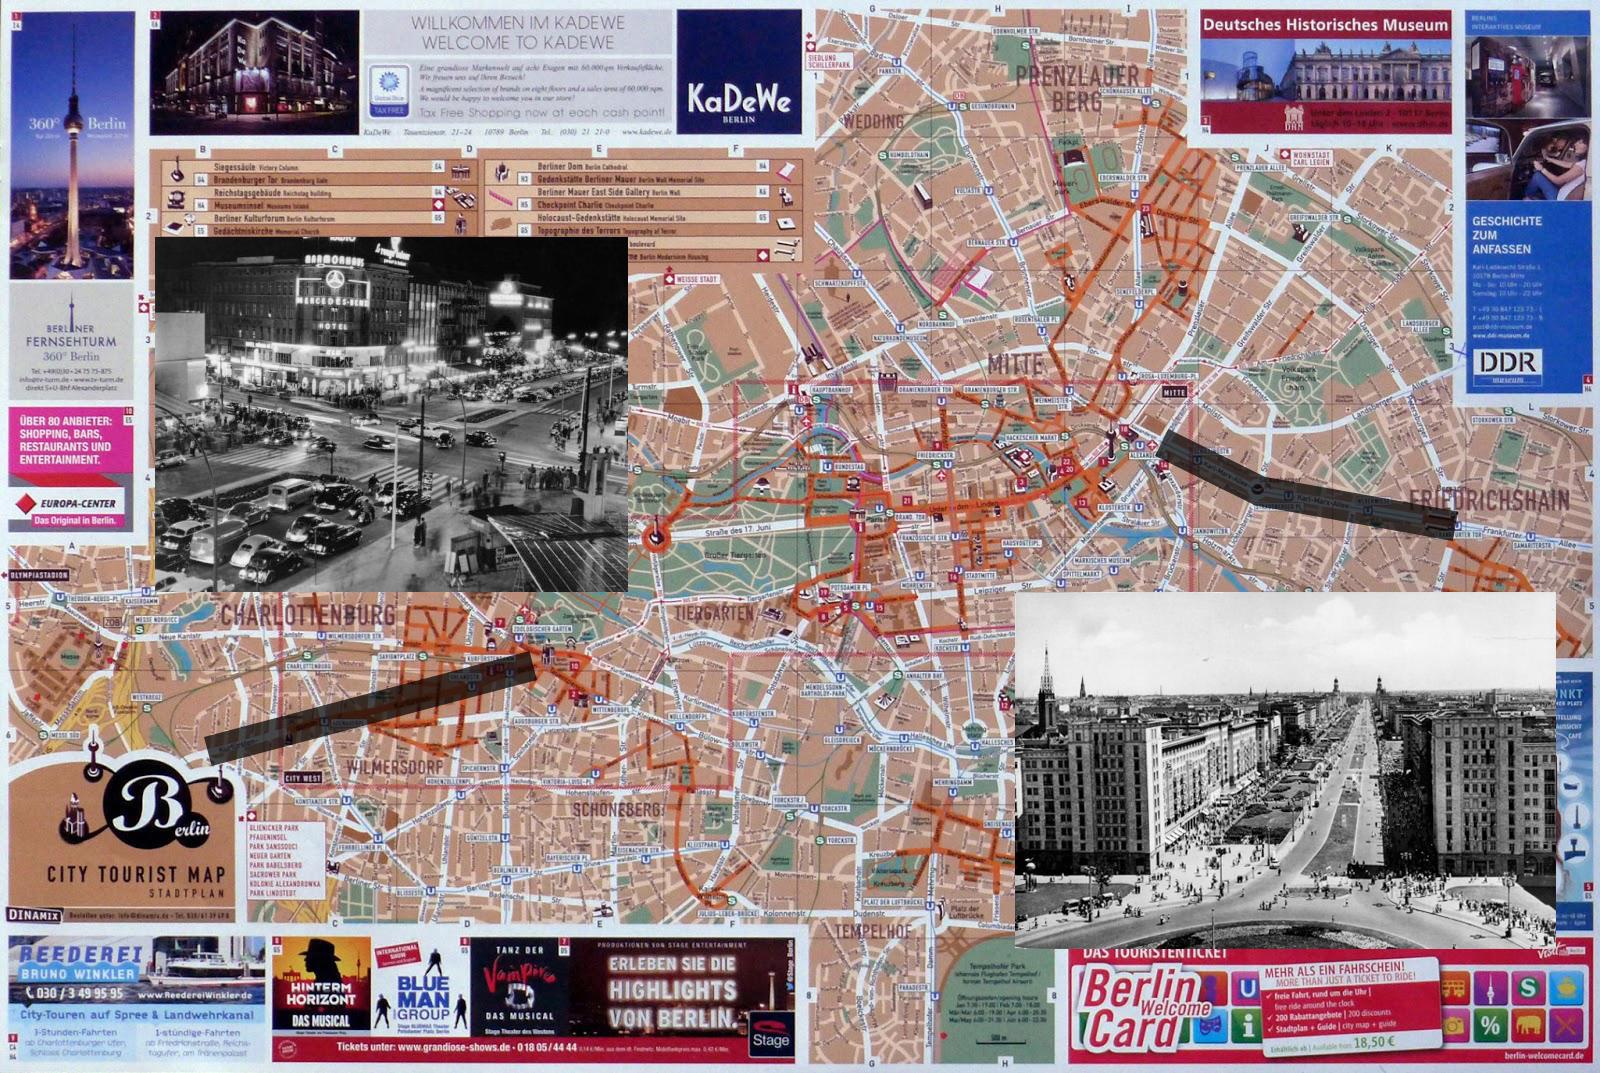 berlin_tourist_map_Jun-17.jpg
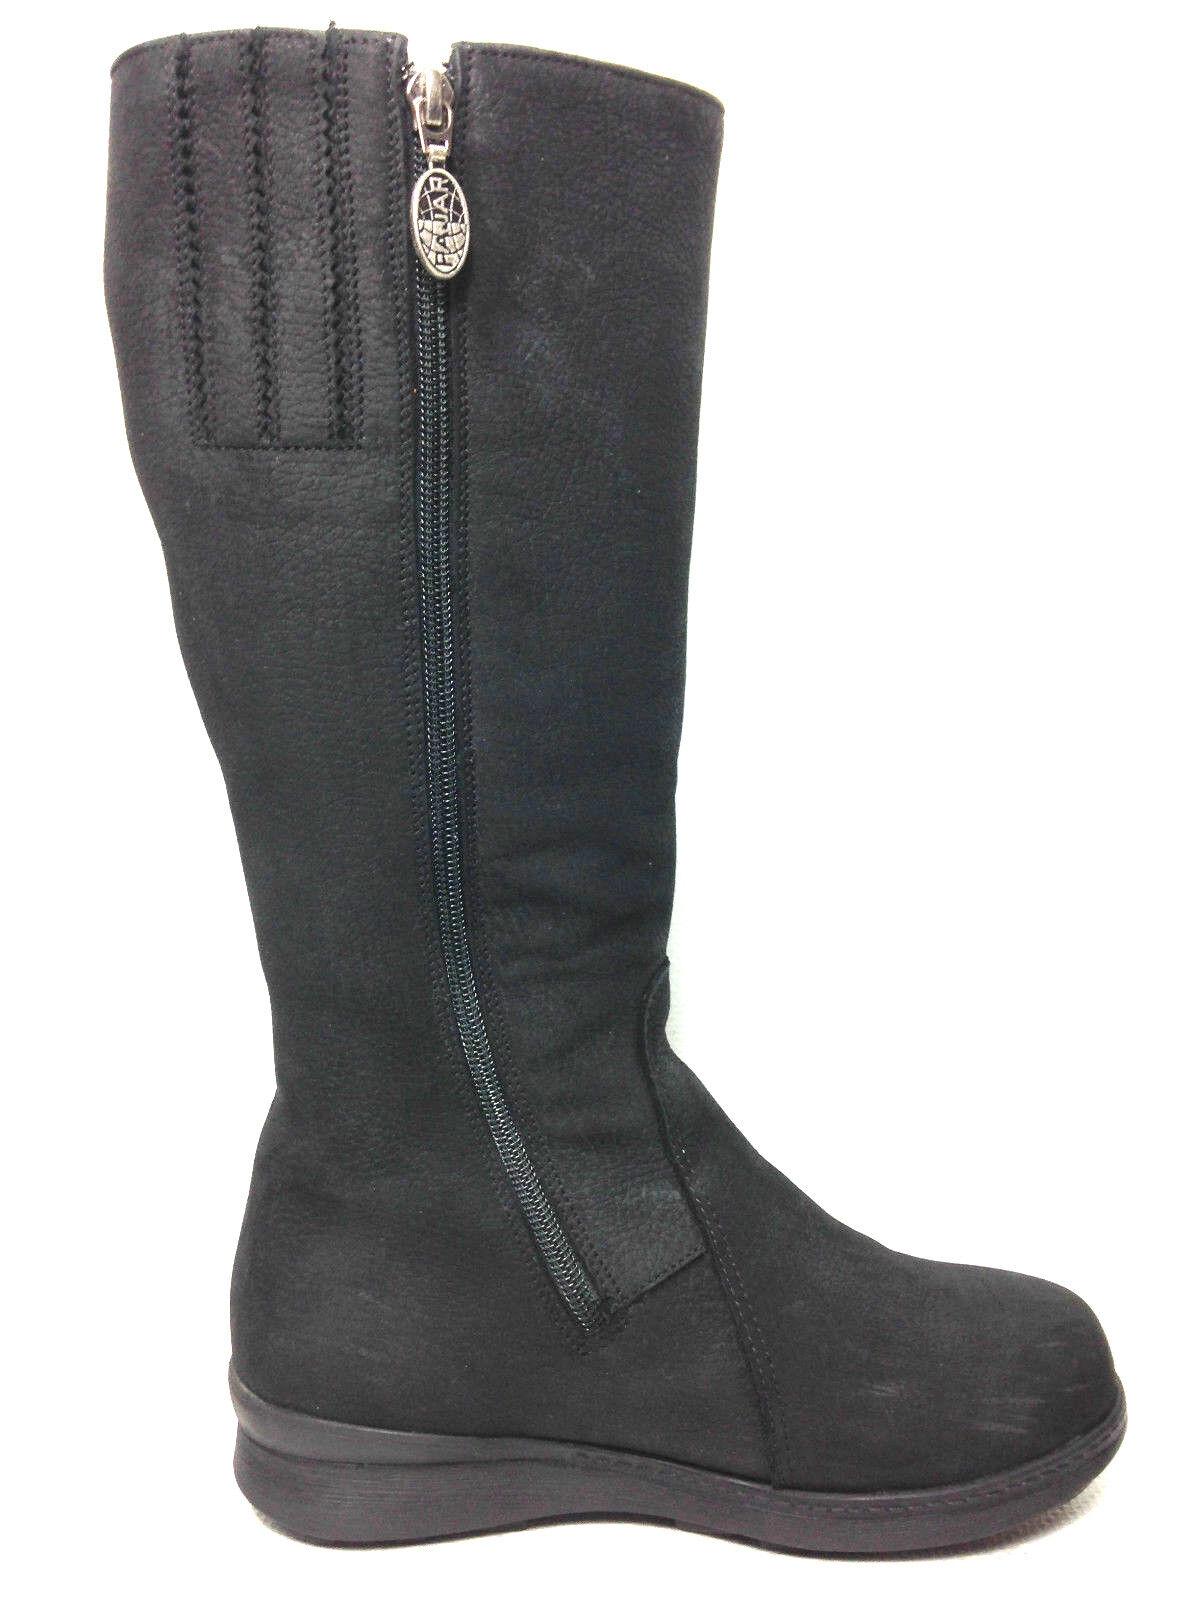 prezzo basso Pajar Tall nero  Nubuck Leather Sherling Waterproof avvio Dimensione Dimensione Dimensione 5.5 USA  spedizione gratuita in tutto il mondo
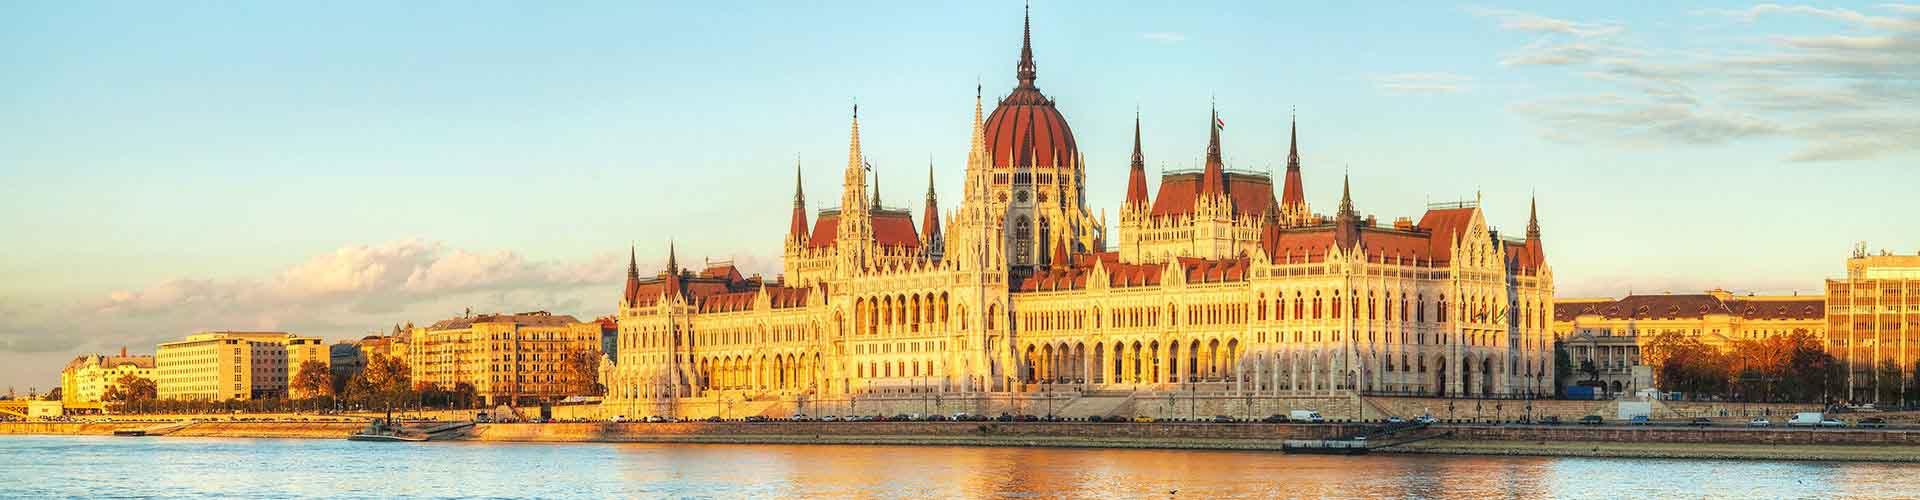 Budapeszt - Hostele w mieście: Budapeszt, Mapy: Budapeszt, Zdjęcia i Recenzje dla każdego hostelu w mieście Budapeszt.
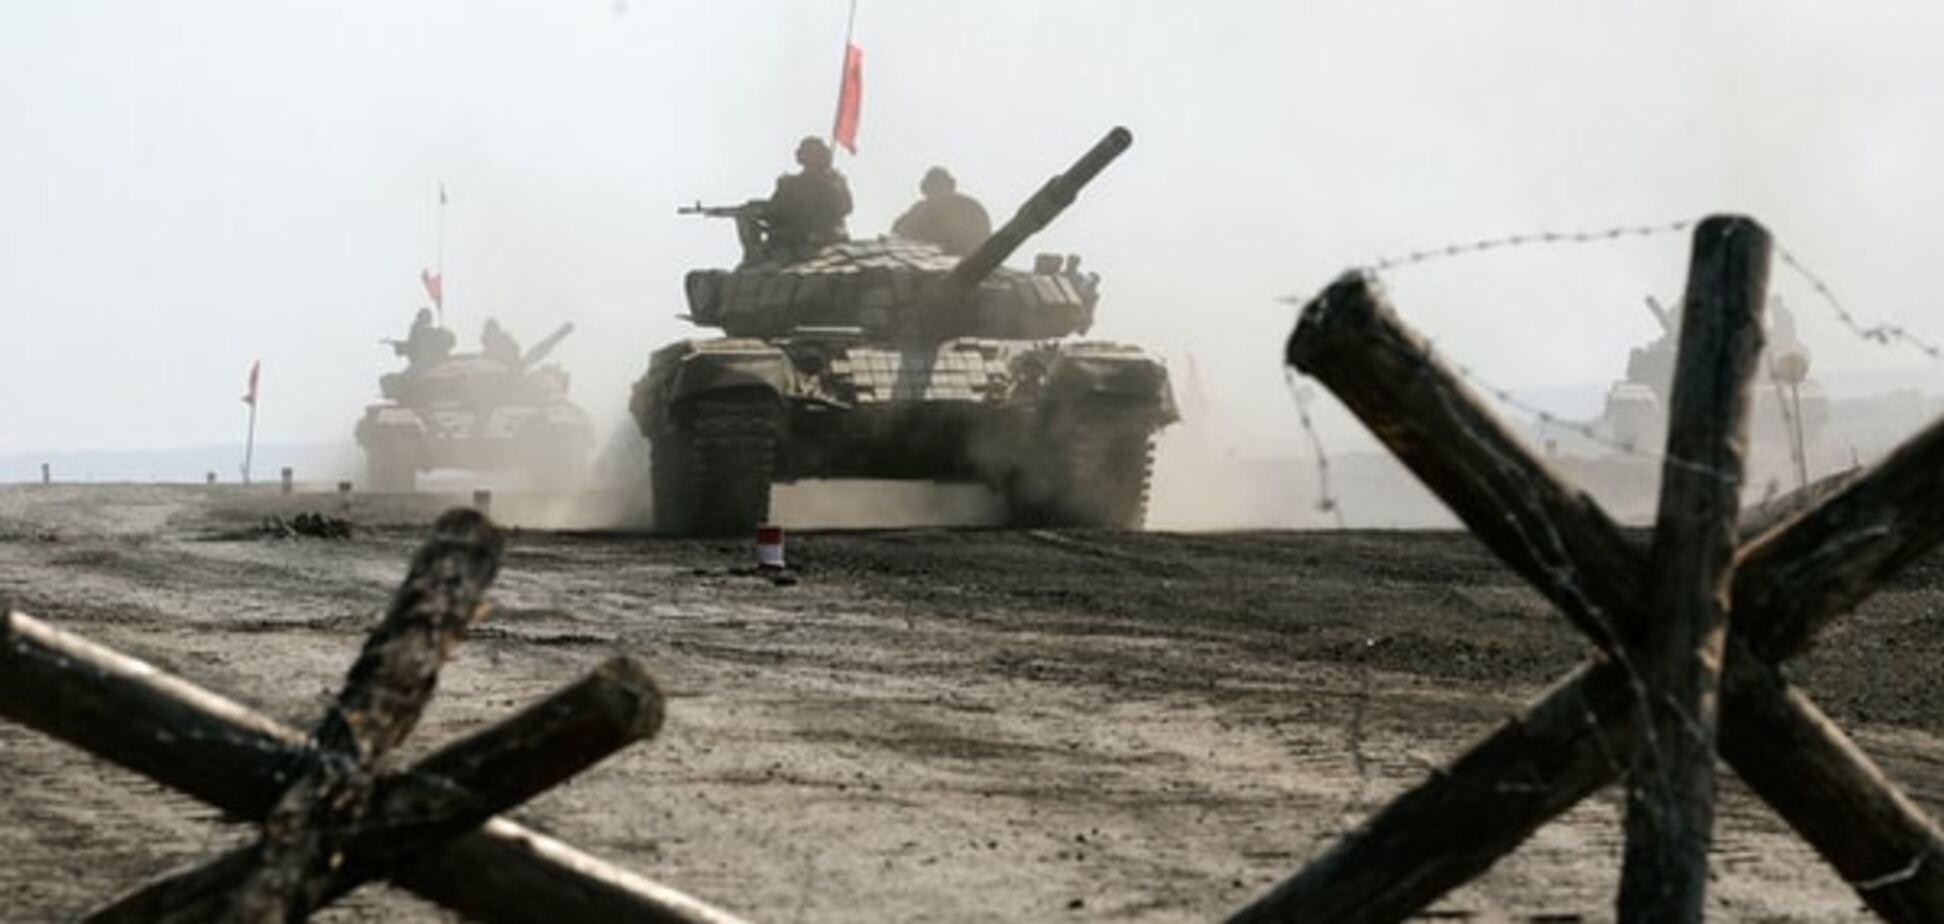 Бої в Донецьку: терористи зі зброєю почали ділити сфери впливу

****************************************

### [WHAT THE EXERCISE ASKS]
Where the line containing "prezzo basso Pajar" appears, begin writing out the lines word for word, and continue through the last line of the data, leaving out pictures.

### [WRITTEN RESPONSE]
 prezzo basso Pajar Tall nero  Nubuck Leather Sherling Waterproof avvio Dimensione Dimensione Dimensione 5.5 USA  spedizione gratuita in tutto il mondo
 Budapeszt - Hostele w mieście: Budapeszt, Mapy: Budapeszt, Zdjęcia i Recenzje dla każdego hostelu w mieście Budapeszt.
 Бої в Донецьку: терористи зі зброєю почали ділити сфери впливу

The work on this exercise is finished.